**INPUT DATA**
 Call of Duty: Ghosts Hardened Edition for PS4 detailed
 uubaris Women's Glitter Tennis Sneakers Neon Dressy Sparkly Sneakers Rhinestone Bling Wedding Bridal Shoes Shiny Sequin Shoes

* * *

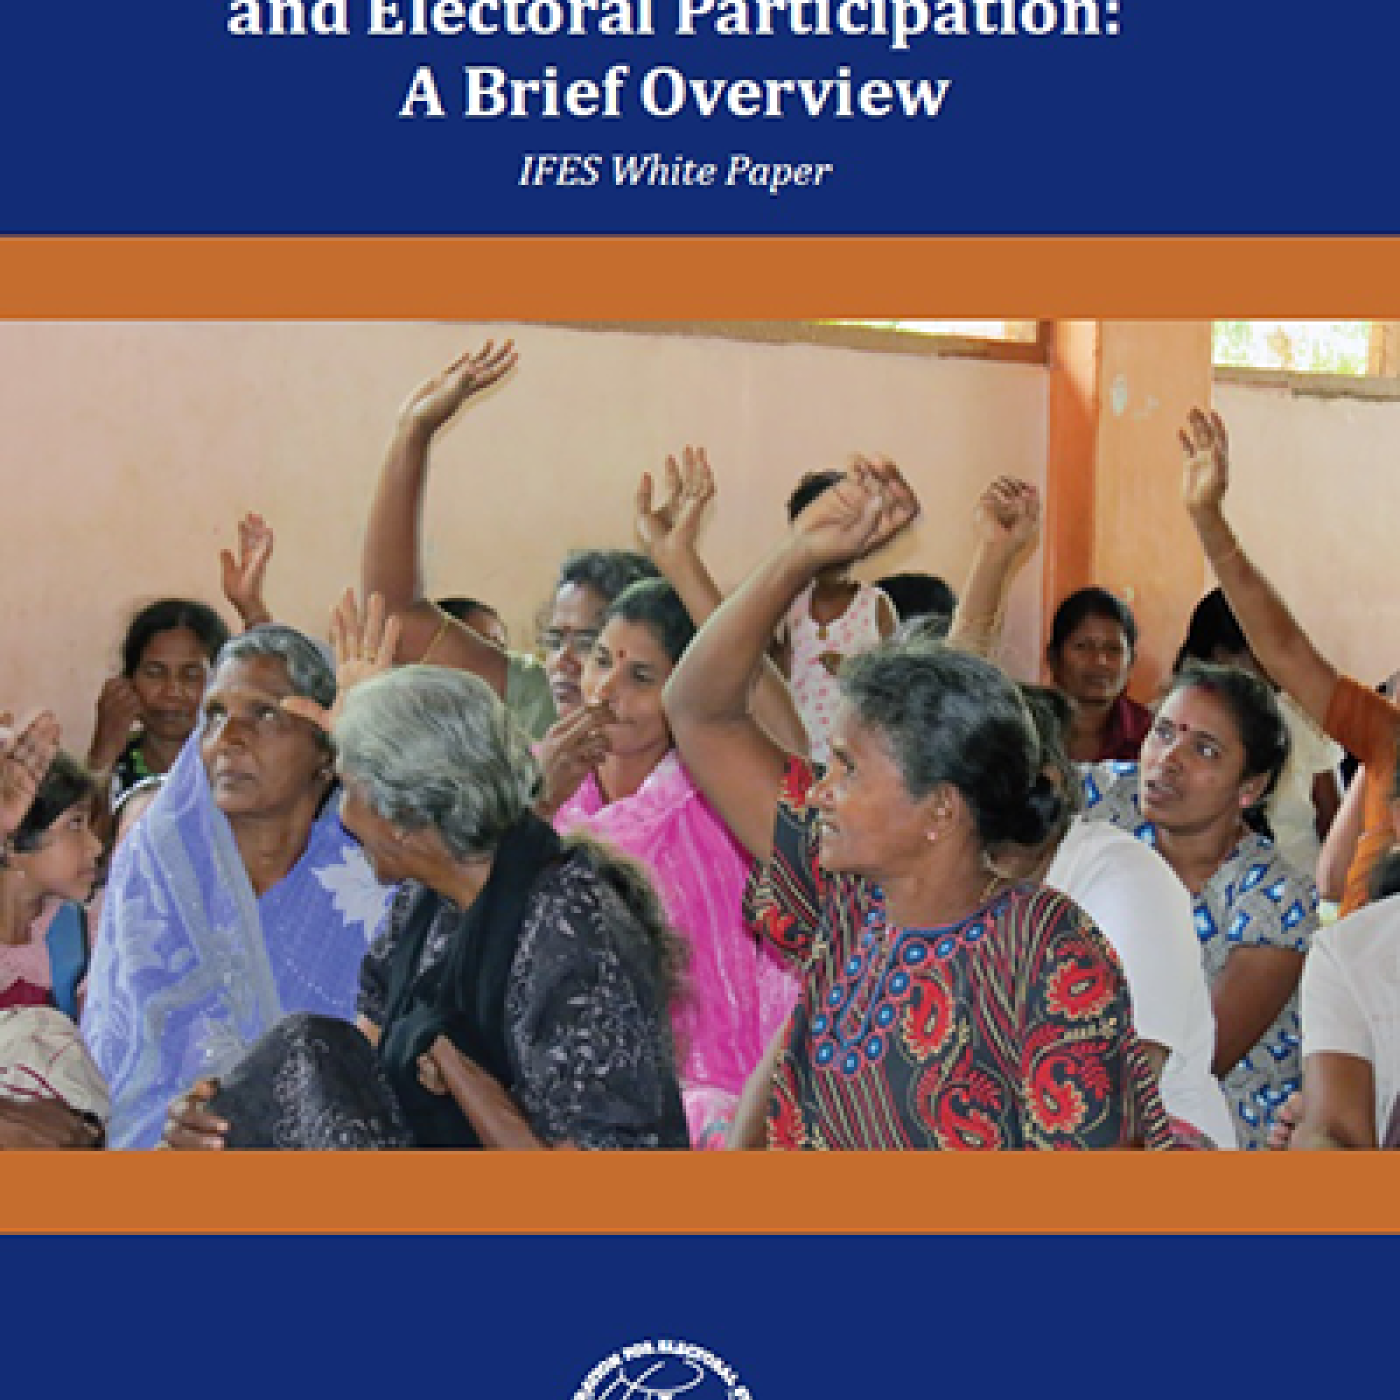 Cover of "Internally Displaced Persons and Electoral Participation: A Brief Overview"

**WORK INSTRUCTIONS**
Above are the records. Copy the lines beginning at the one that has "Call of Duty: Ghosts" and ending with the one that has "uubaris Women's Glitter", unchanged.

**RESPONSE AREA**
 Call of Duty: Ghosts Hardened Edition for PS4 detailed
 uubaris Women's Glitter Tennis Sneakers Neon Dressy Sparkly Sneakers Rhinestone Bling Wedding Bridal Shoes Shiny Sequin Shoes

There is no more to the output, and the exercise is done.